An arithmetic expression language:

  •  example: with a, b: a * (4 + b)
  • language design using EBNF grammar
    • non_terminal : rules having non-terminal, tokens
    • example: calc : ("with" ident ("," ident)* ":")? expr ;
    • EBNF grammer defines how lexer and parser should work, but not having semantic info
  • lexer: create tokens
void Lexer::next(Token& token);
  • parser: create AST
class AST {};
class Expr : public AST {};
class BinaryOp : public Expr {};
    • We create AST visitors to read and modify AST contents.
class ASTVisitor {
public:
    virtual void visit(AST&) {};
    virtual void visit(Expr&) {};
    virtual void visit(BinaryOp&) {};
};
  • semantic analysis: check semantic rules
  • CodeGen
    • Add AST visitor to generate IR
    • Link with Runtime libraries to create executable

LLVM knowledge


  • Use <llvm/Support/CommandLine.h> for cmdline argument parsing. Example:
static cl::opt<std::string>
    Input(cl::Positional, cl::desc("<input expression>, default is \"with a, b: 4 + a * (2 + b)\""),
          cl::init("with a, b: 4 + a * (2 + b)"));

  • Common classes for IR generation
ClassUsage
LLVMContextenvironment
Modulecreate an object file
IRBuildercreate IR instructions (CreateCall, CreateRet, CreateNSWAdd/Sub/Mul/Div), CreateInBoundsGetP
Typevalue types (getVoidTy, getInt32Ty, getInt8Ty, getPointerTo())
FunctionTypefunction type
Constantconstant value (ConstantInt, ConstantDataArray)
GlobalVariablestore global variable
Functionfunction declaration
BasicBlocka list of instructions

  • Add unittest as part of ctest (run with `ninja test`)
    • unittests/CMakeLists.txt
cmake_minimum_required(VERSION 3.13.4)
enable_testing()

# set LLVM components we need to link our tool against.
llvm_map_components_to_libnames(llvm_libs support core)

include(CTest)

find_package(GTest REQUIRED)
include_directories(${GTEST_INCLUDE_DIRS})

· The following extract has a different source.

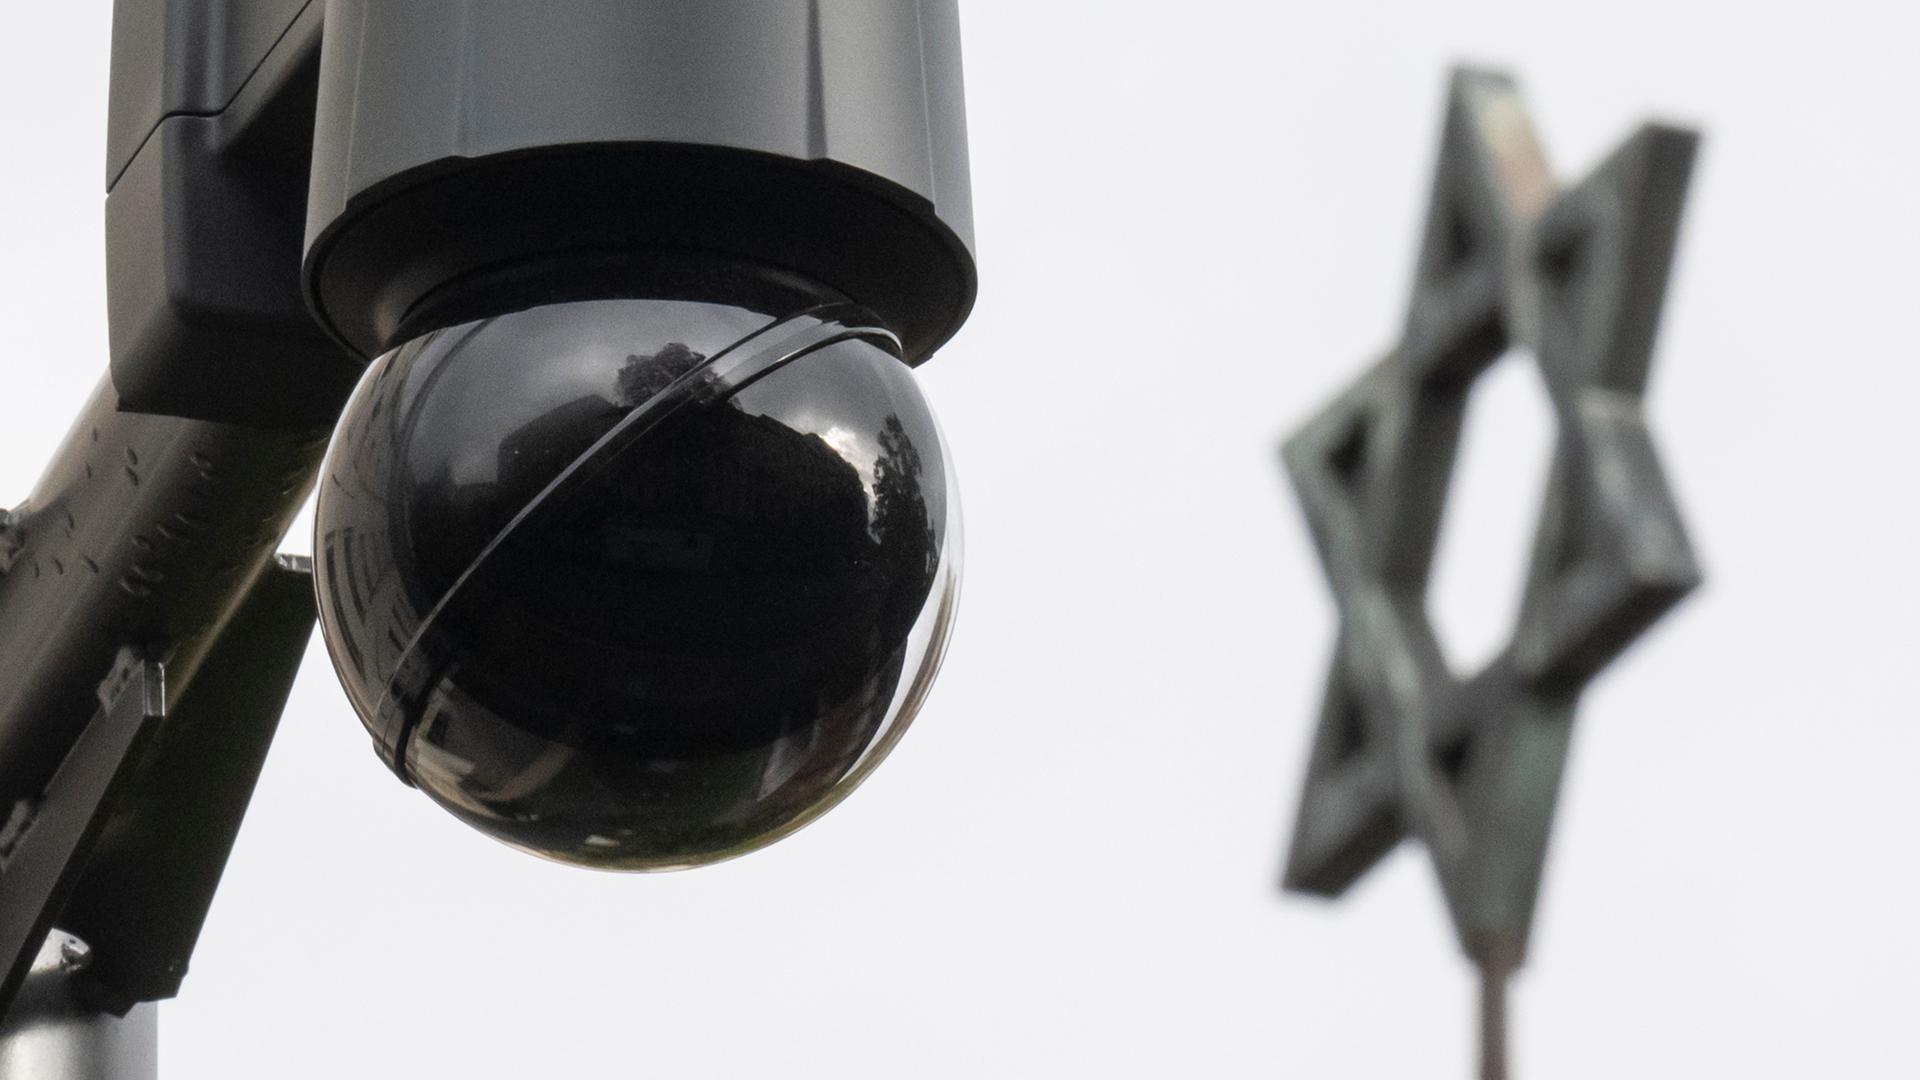 Eine Überwachungskamera neben dem Davidstern an der Synagoge in Halle/Saale
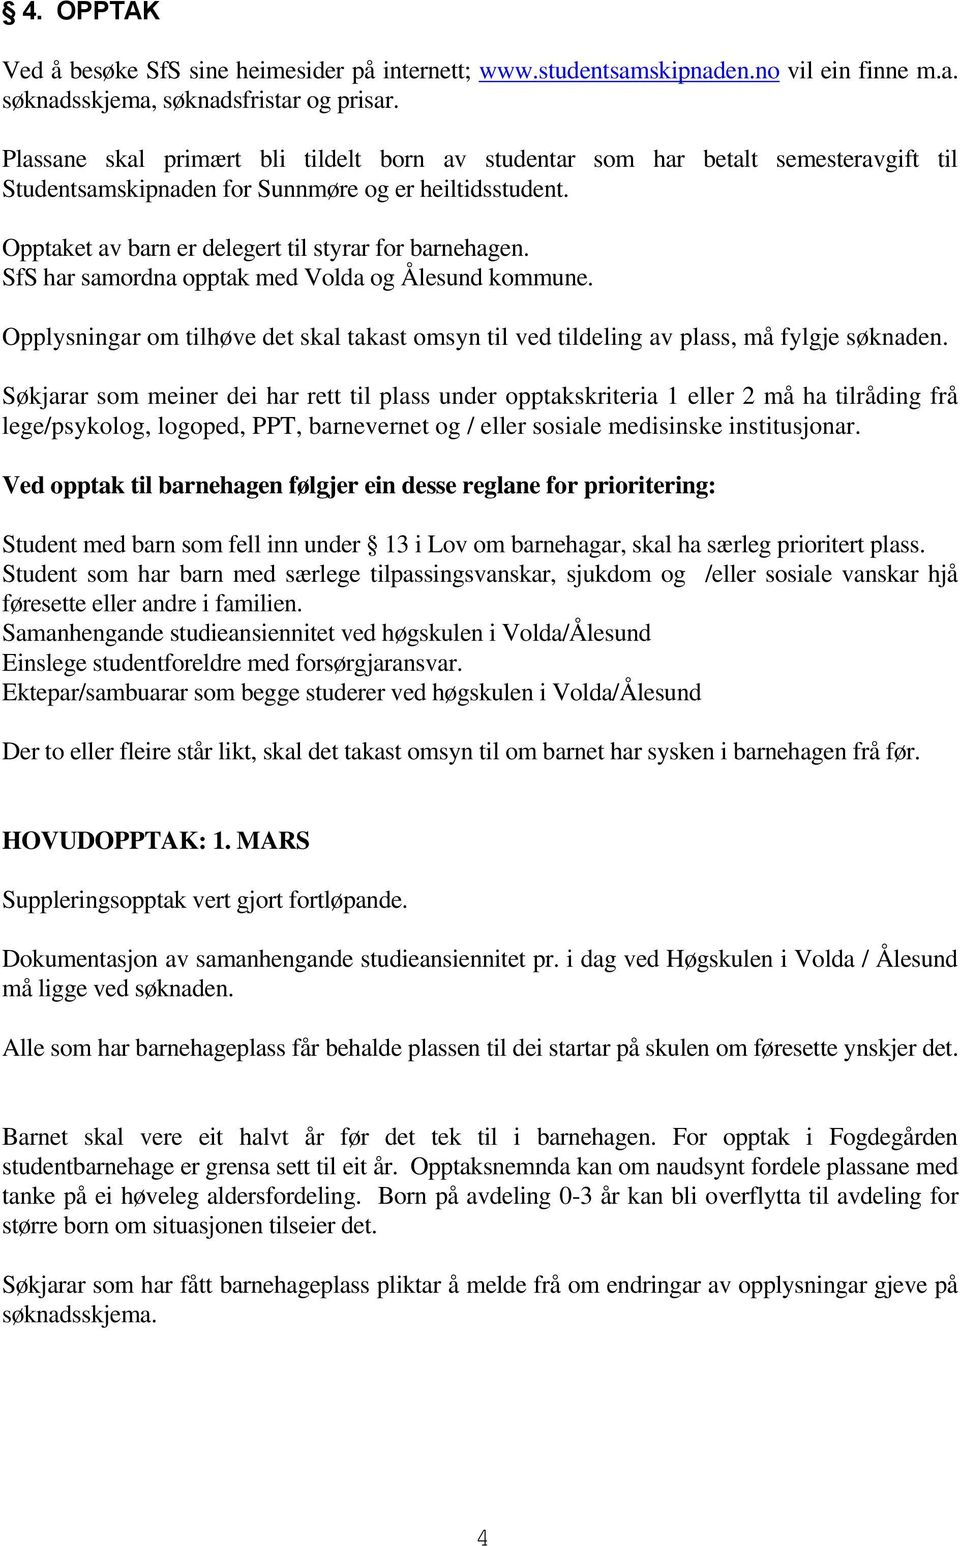 SfS har samordna opptak med Volda og Ålesund kommune. Opplysningar om tilhøve det skal takast omsyn til ved tildeling av plass, må fylgje søknaden.

macro(add_tinylang_unittest name)
    add_executable(${name} ${ARGN})
    target_link_libraries(${name}
        tinylangBasic
        ${llvm_libs}
        ${GTEST_LIBRARIES}
        ${GTEST_MAIN_LIBRARIES}
        pthread)
    add_test(NAME ${name}
        COMMAND ${name})
endmacro()

add_tinylang_unittest(TinyLangTests
    VersionTest.cpp
)
  • Add lit test as part of ctest
    • Install lit: `pip install lit`
    • Copy FileCheck to llvm install bin dir
    • test/CMakeLists.txt
if(NOT EXISTS ${LLVM_TOOLS_BINARY_DIR}/FileCheck)
    message(FATAL_ERROR "LLVM wasn't configured with -DLLVM_INSTALL_UTILS, cannot use FileCheck")
endif()

configure_file("${CMAKE_CURRENT_SOURCE_DIR}/lit.cfg.in" "${CMAKE_CURRENT_BINARY_DIR}/lit.cfg")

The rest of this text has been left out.